From the first line to the last, copy the listing exactly and omit the pictures.

| Exercise data |
▼
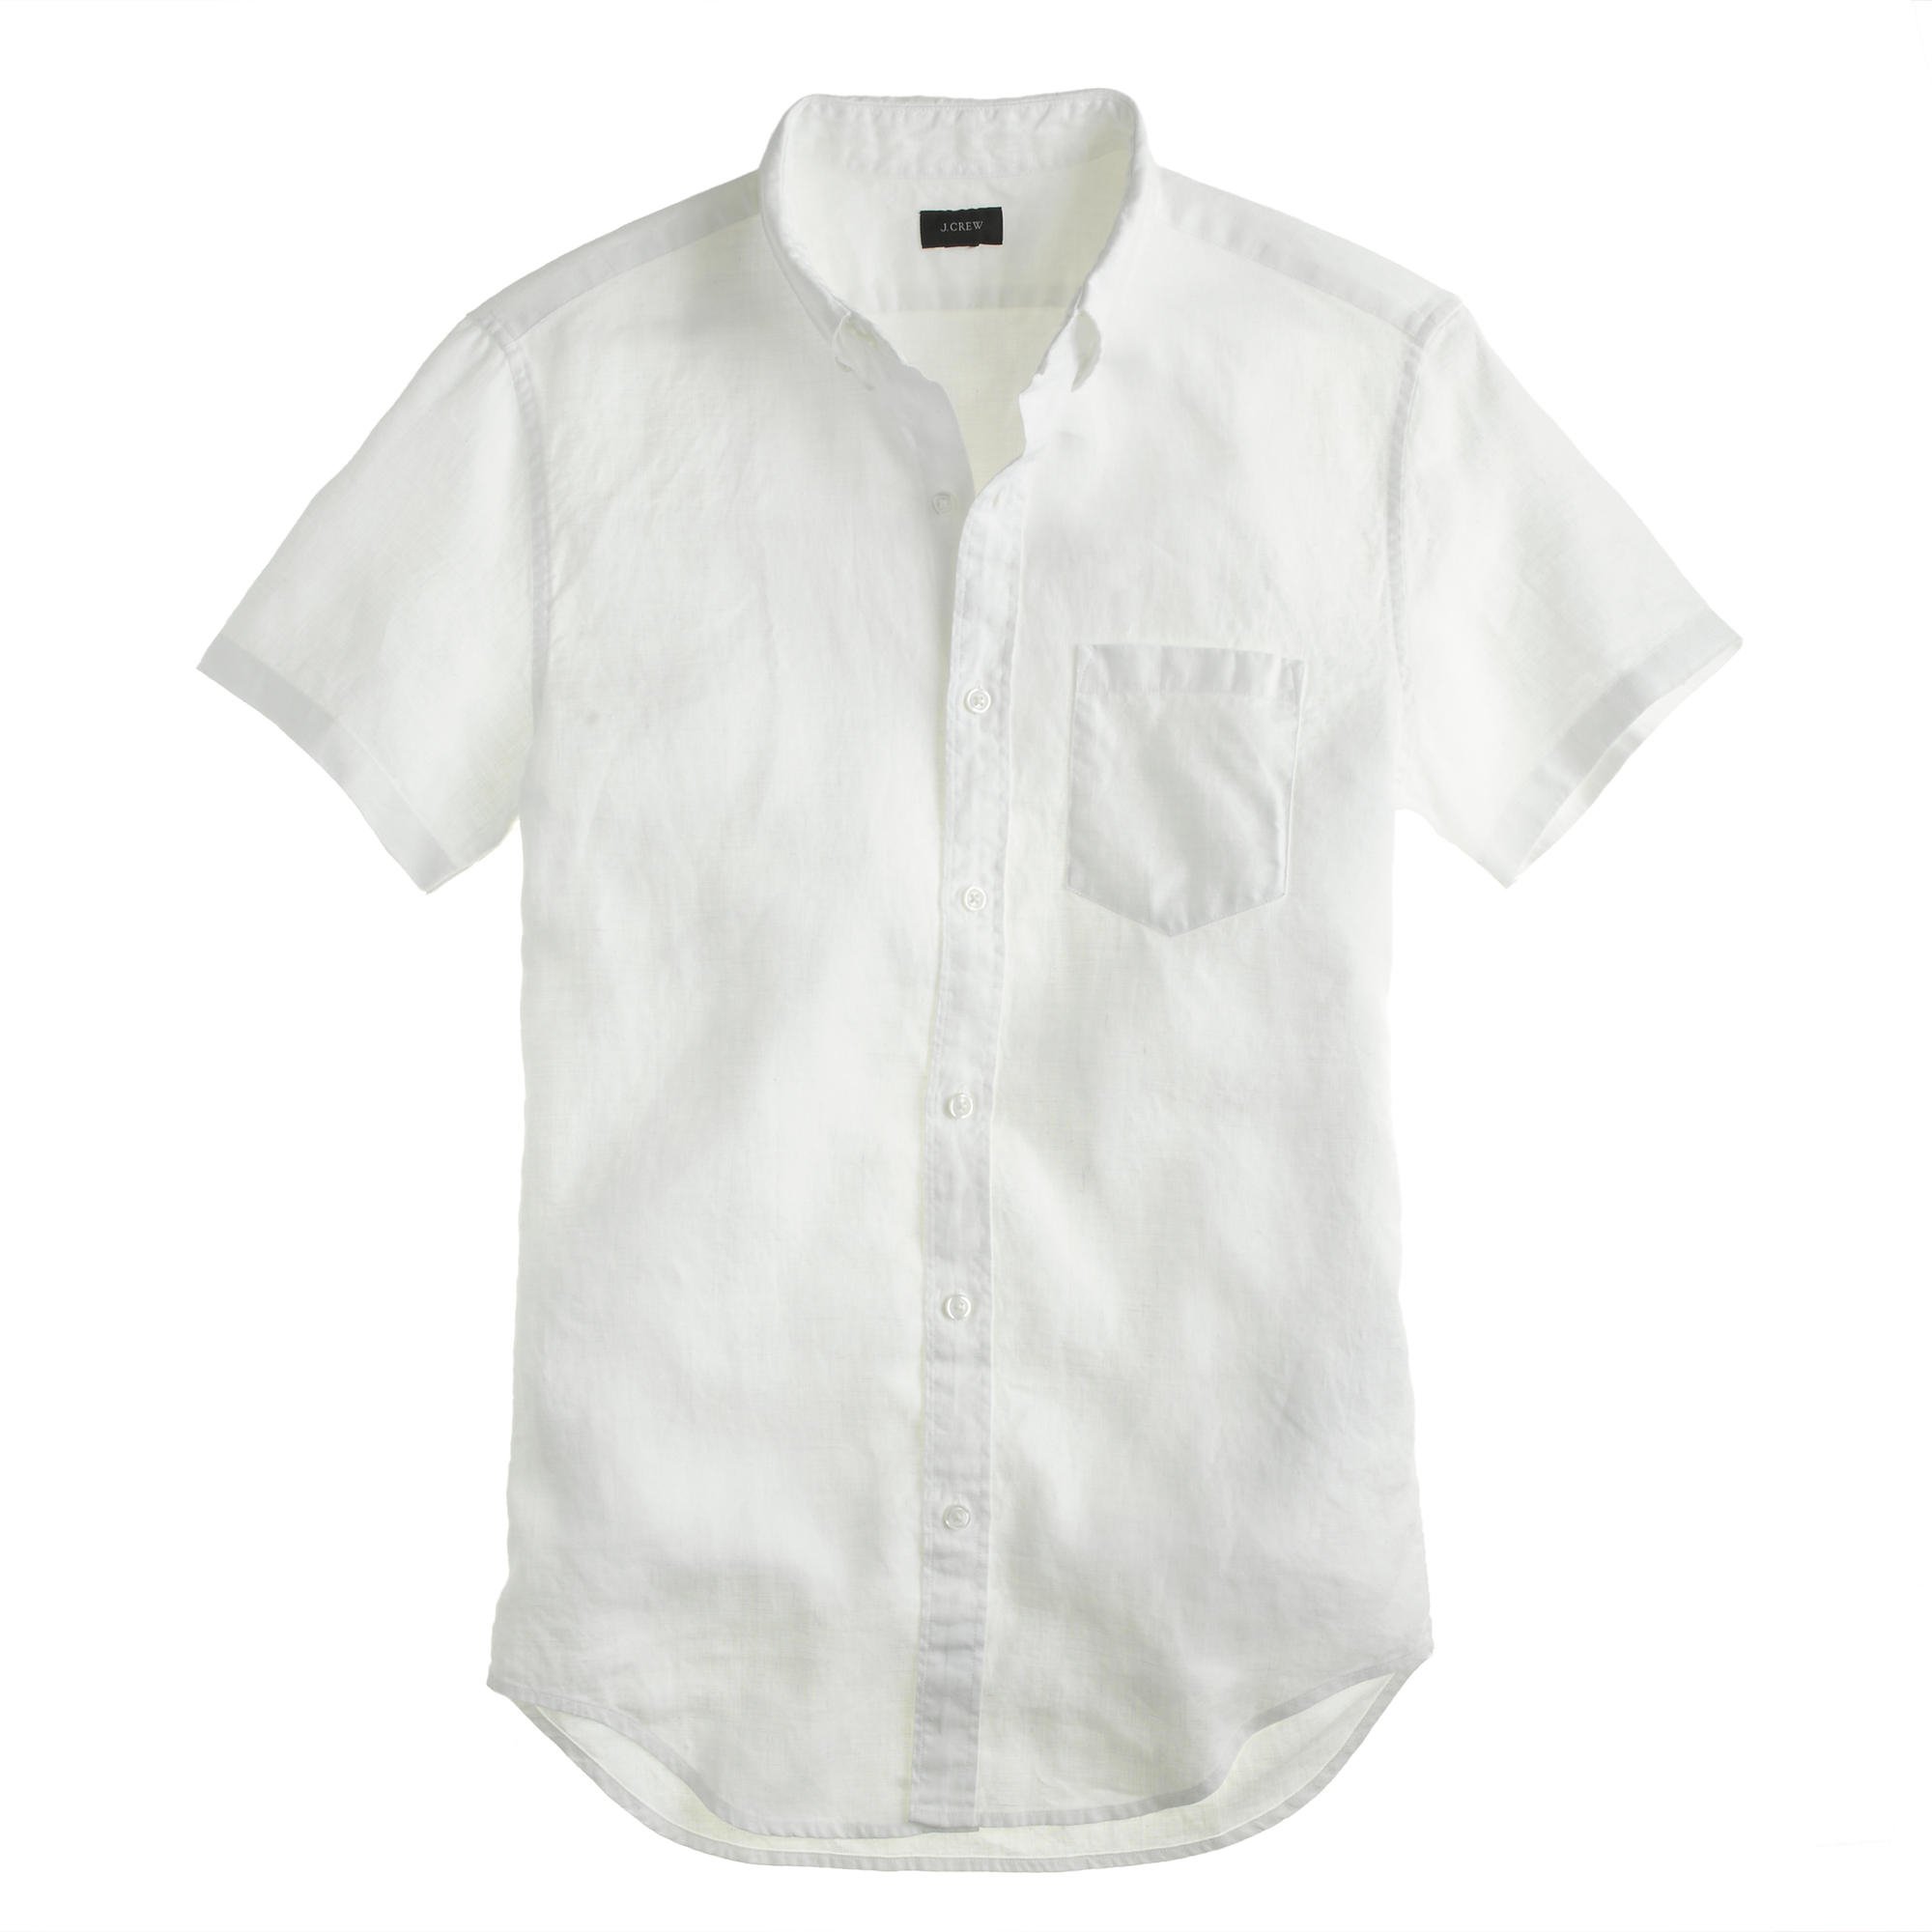 J.crew Short-sleeve Irish Linen Shirt in White for Men - Save 29% | Lyst
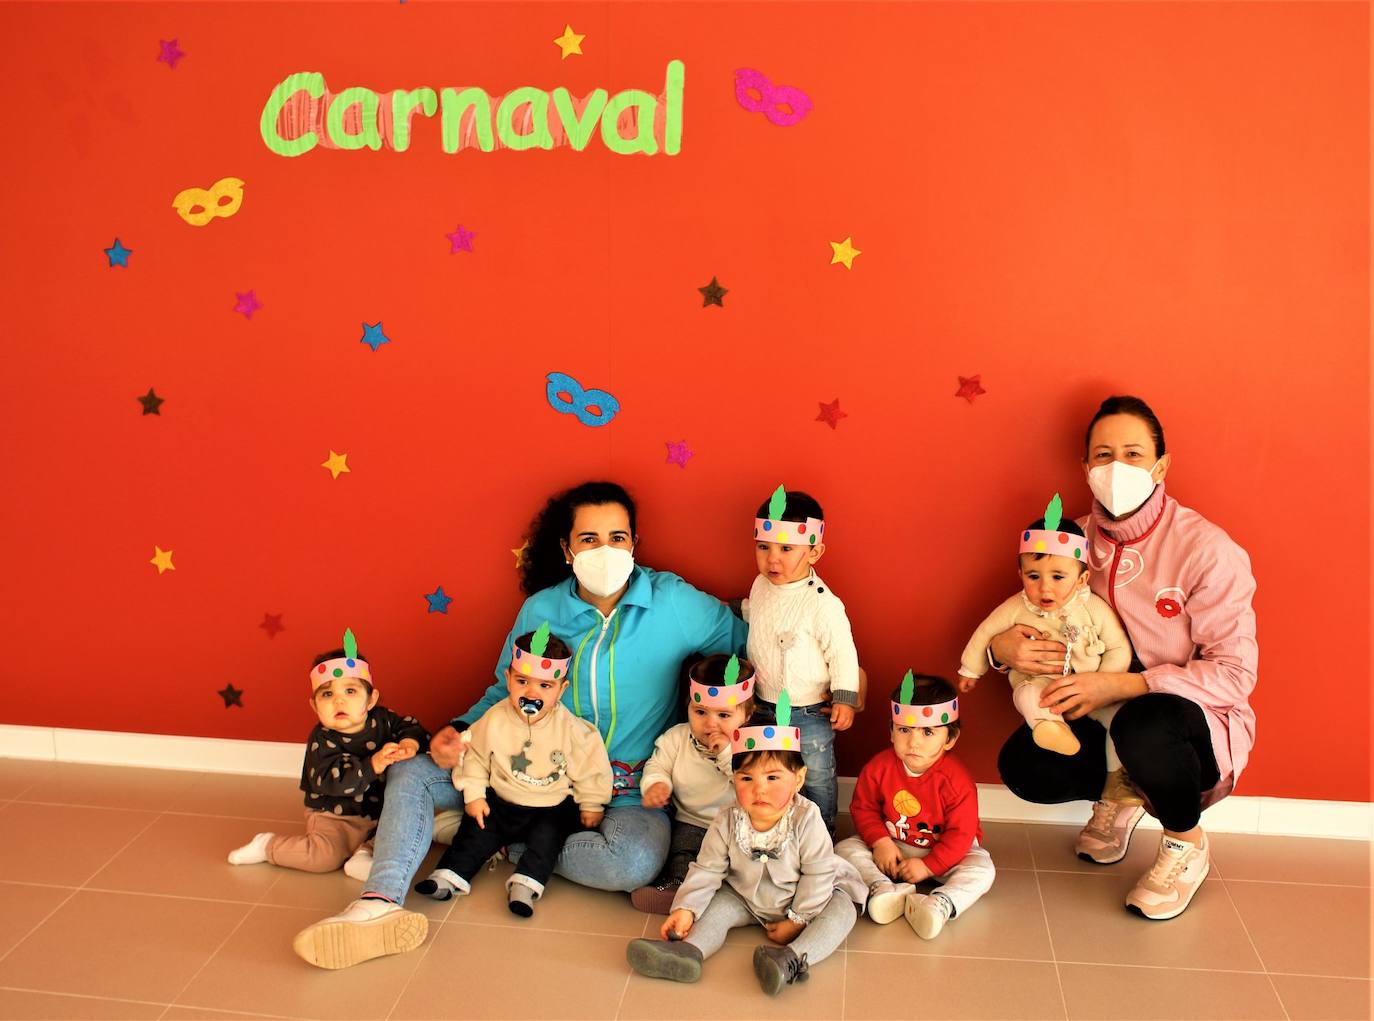 Fotos: El carnaval en los centros escolares
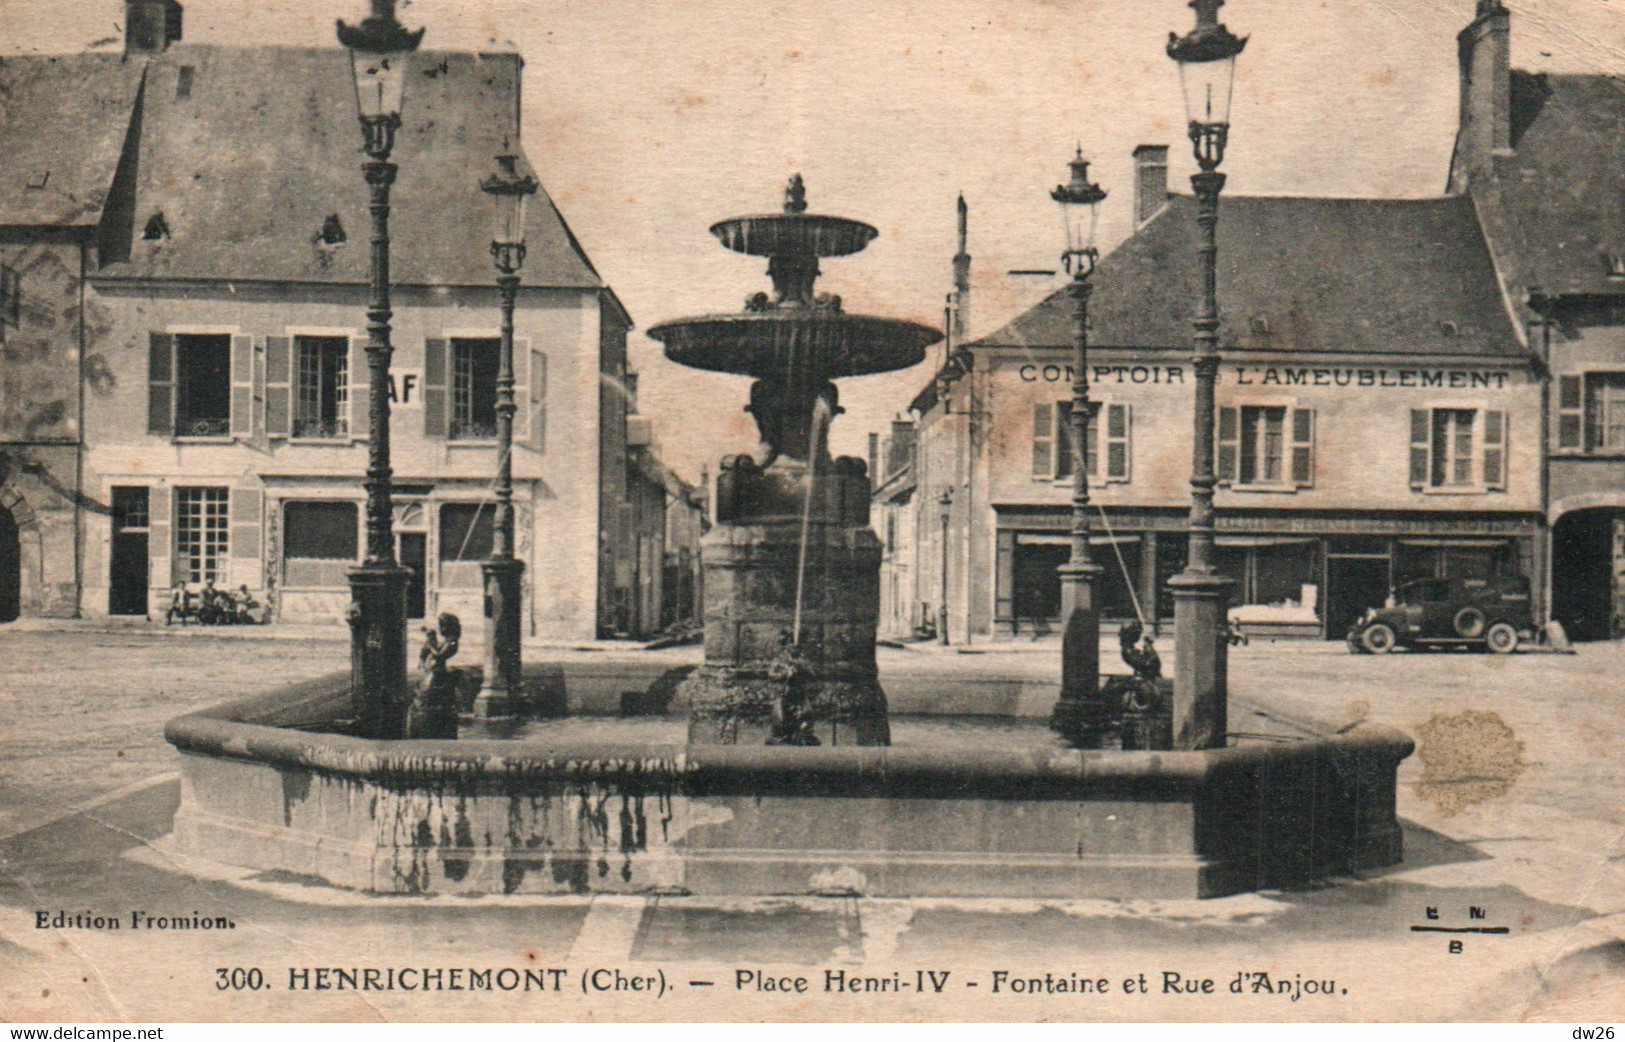 Henrichemont (Cher) Place Henri IV, Fontaine Et Rue D'Anjou, Café - Edition Fromion - Carte N° 300 - Henrichemont
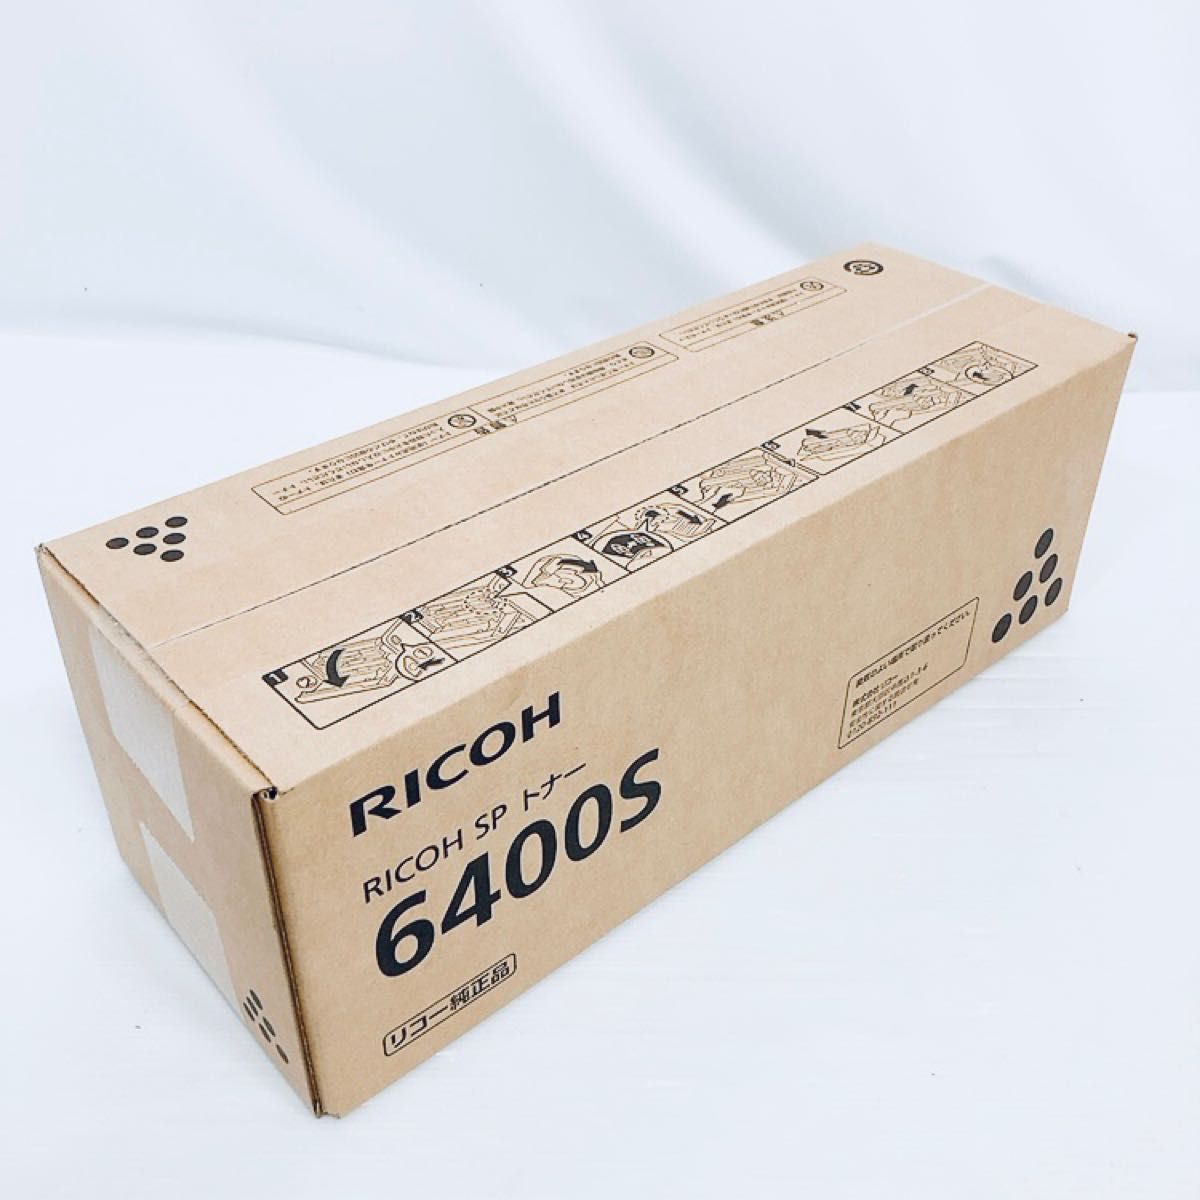 RICOH リコー SP トナー 6400S 1本 M9X7-00 純正 未開封 新品 消耗品 ...
▲
| Problem solution |
 J.crew Short-sleeve Irish Linen Shirt in White for Men - Save 29% | Lyst
 Fotos: El carnaval en los centros escolares
 Henrichemont (Cher) Place Henri IV, Fontaine Et Rue D'Anjou, Café - Edition Fromion - Carte N° 300 - Henrichemont
 RICOH リコー SP トナー 6400S 1本 M9X7-00 純正 未開封 新品 消耗品 ...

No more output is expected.